Lot Essay
Le Commencement du Monde was a pivotal work for Brancusi. It represents the ultimate expression of a series of sculptures inspired by the theme of birth and creation, carrying this body of work to its formal conclusion. The elegant ovoid shape perfectly illustrates the artist's love of form and quest for purity; and the clarity and smoothness of its physical outline is again distinctive of his work. In many senses it achieves exactly what he had hoped: to create 'an art of our own', human in its dimensions, secular, and by its calm and humour, expressing joy.
"Infatigable et minutieux explorateur du monde organique, Brancusi n'avançait qu'avec prudence vers la concentration, l'abstraction suprêmes. Il faut l'avoir vu relever le moindre détail, observer sans cesse les milles connexions, les phénomènes, les lois les plus secrètes de la nature pour s'en rendre compte. Aussi avait-il beau réduire la complexité de la vie à la simplicité d'une forme primaire, elle n'en conservait pas moins, jusque dans l'abstraction la plus hardie, une évidente, une inaltérable beauté naturelle" (C. Giedion-Welcker, Constantin Brancusi, Basle, 1958, p. 27). Brancusi's works as a whole possess a staggering sense of unity, evolving gradually as if part of an organic process. Le Commencement du Monde marks a high point of this development, having evolved from a series of transformations and variations based upon a single, natural form. Brancusi once told Ezra Pound that 'all my sculptures date fifteen years back' and one can trace the progression to this piece from his early studies of female heads, notably the Muse Endormie series. Gradually all details are suppressed so that by 1916 with Sculpture pour Aveugles (Geist 109), now in the Philadelphia Museum of Art, a smooth ovoid form has emerged, only vaguely reminiscent of a head. As Geist writes: "If Sculpture pour Aveugles was a muted or effaced version of a human head, Le Commencement du Monde carried the process of abstraction further to become an egg of creation.

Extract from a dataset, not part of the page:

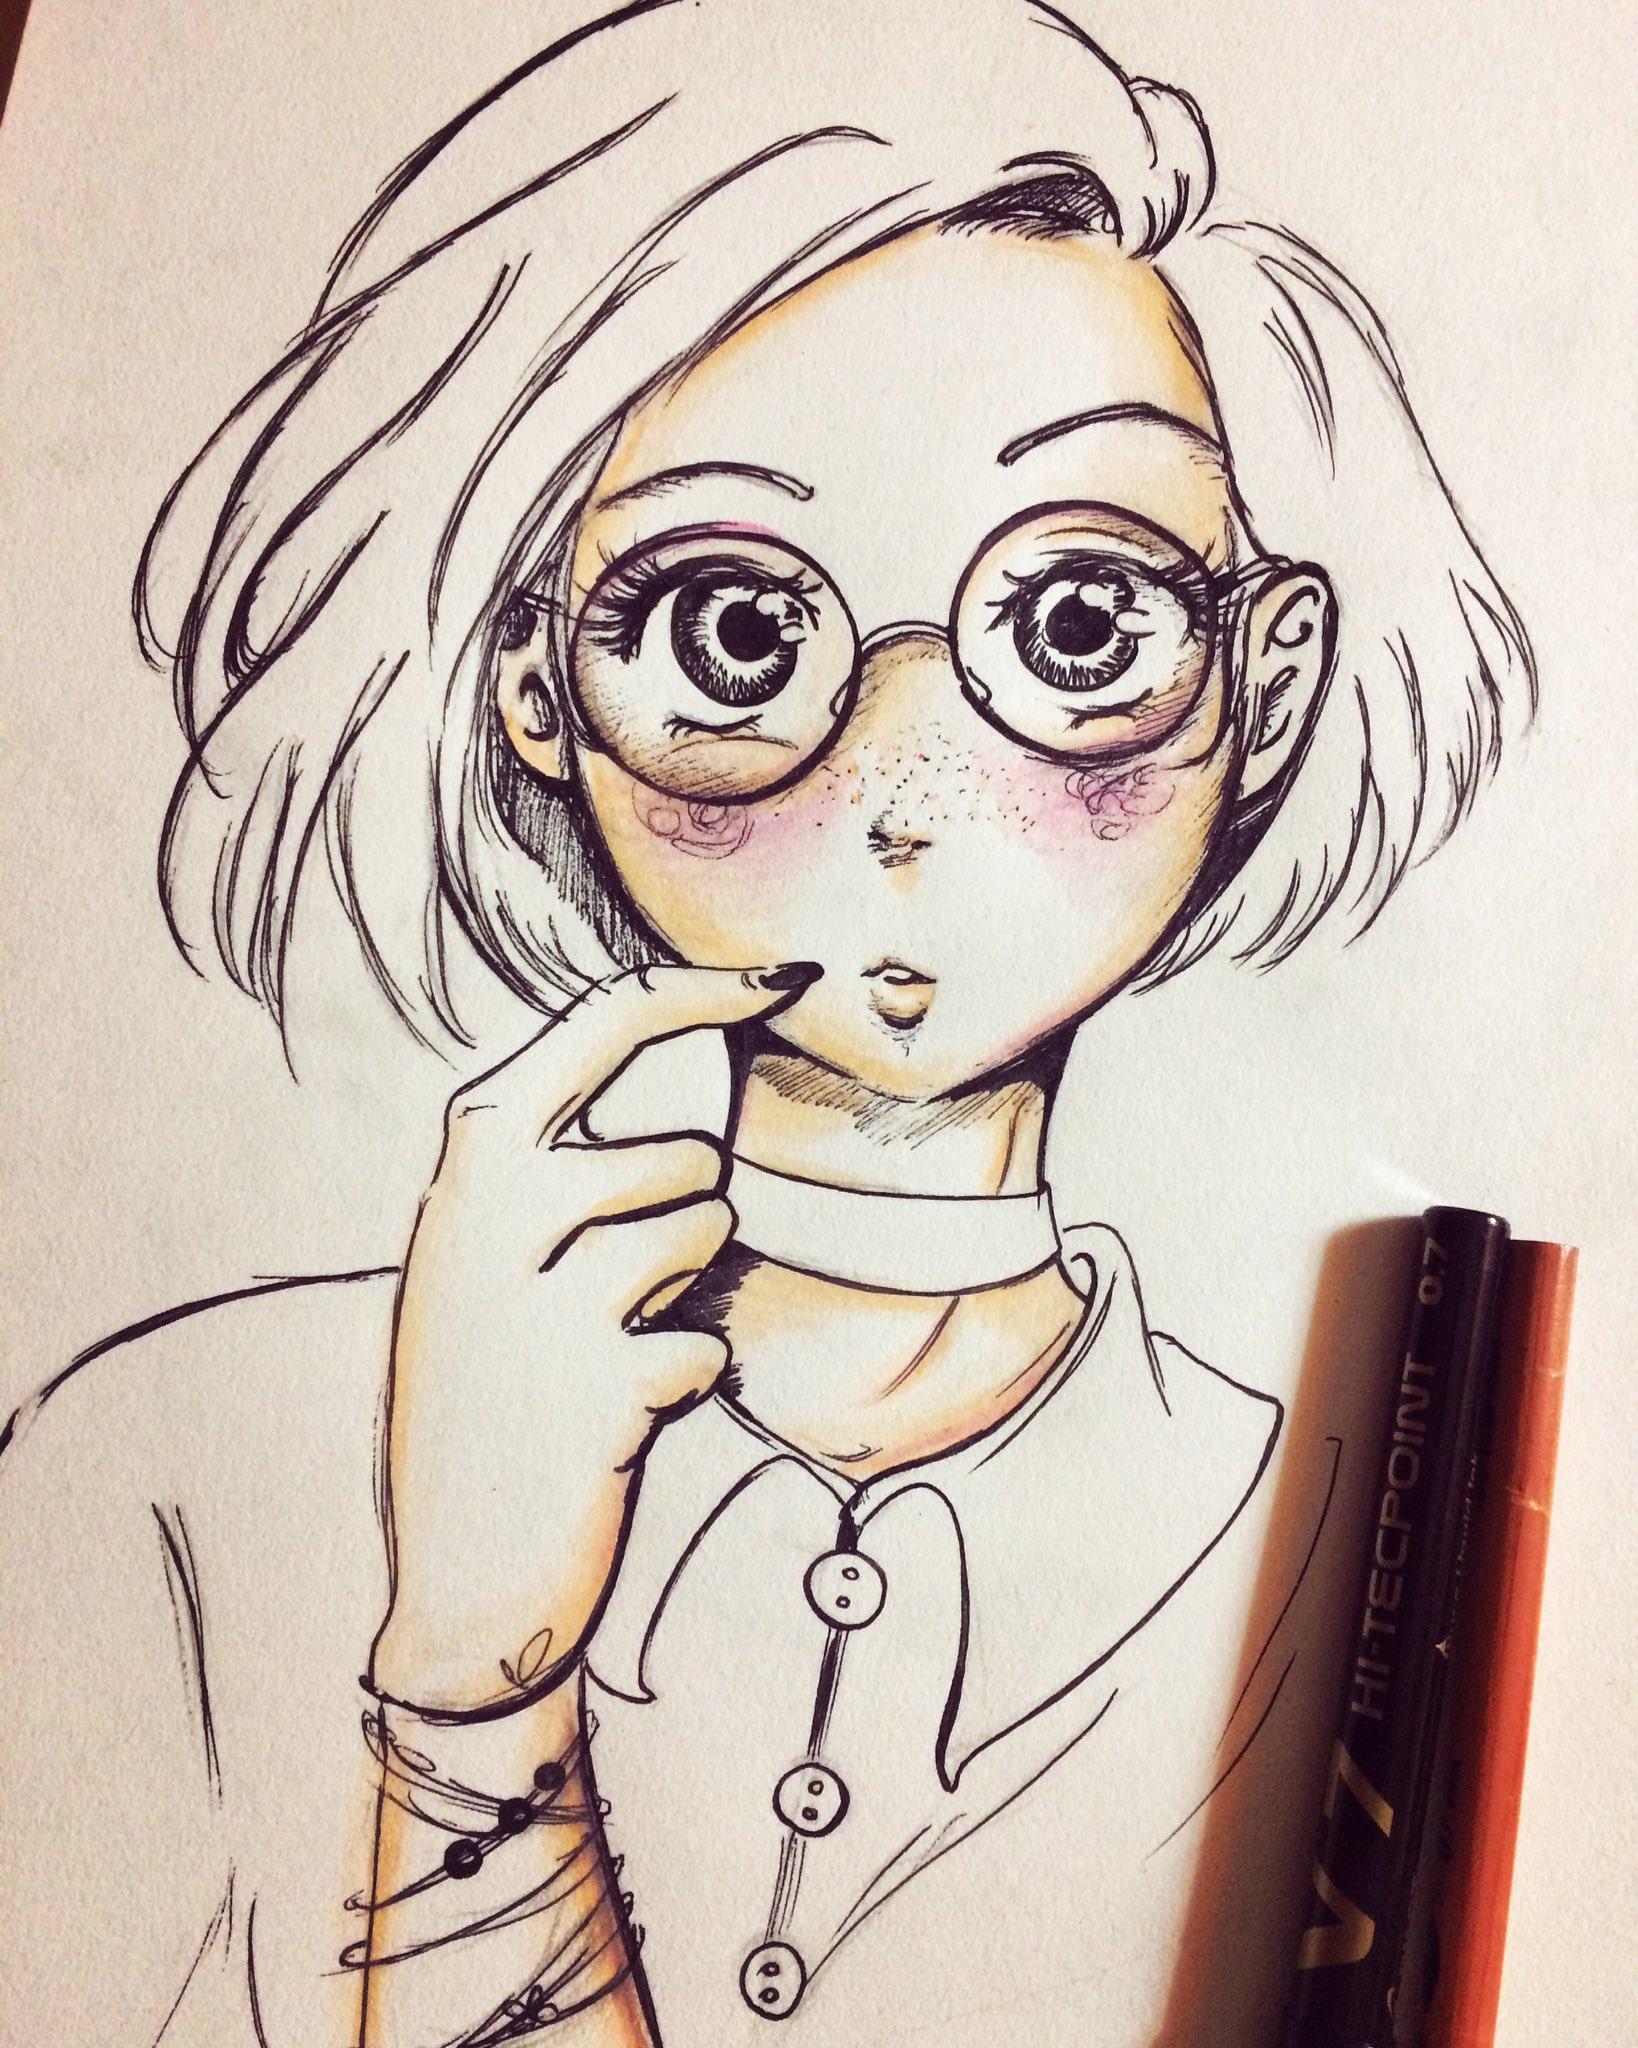 Ilaria laria♡ on twitter glasses girl art drawing manga anime pink illustration sketch eyes nerd otaku japan love black emotions

The planar construction evident in the marble all but disappears in the polished bronze. This taut, gleaming object is a golden egg of creation, presaging a new metallic universe - impersonal, weightless, light-filled" (S. Geist, Brancusi, exh. cat., Solomon R. Guggenheim Museum, New York 1969, p. 111).
The tactile qualities of this object are self-evident. Its smooth, perfect contours closely ressemble those of the earlier marble carving, Sculpture pour Aveugles, and the title of this work expresses Brancusi's desire to give as much pleasure through touch as eye. This, he reiterated with Le Commencement du Monde when, according to H. P. Roché, he said he preferred it 'placed on a pillow or a sofa, and, especially, placed on his knees, touched by his hands, his eyes closed'.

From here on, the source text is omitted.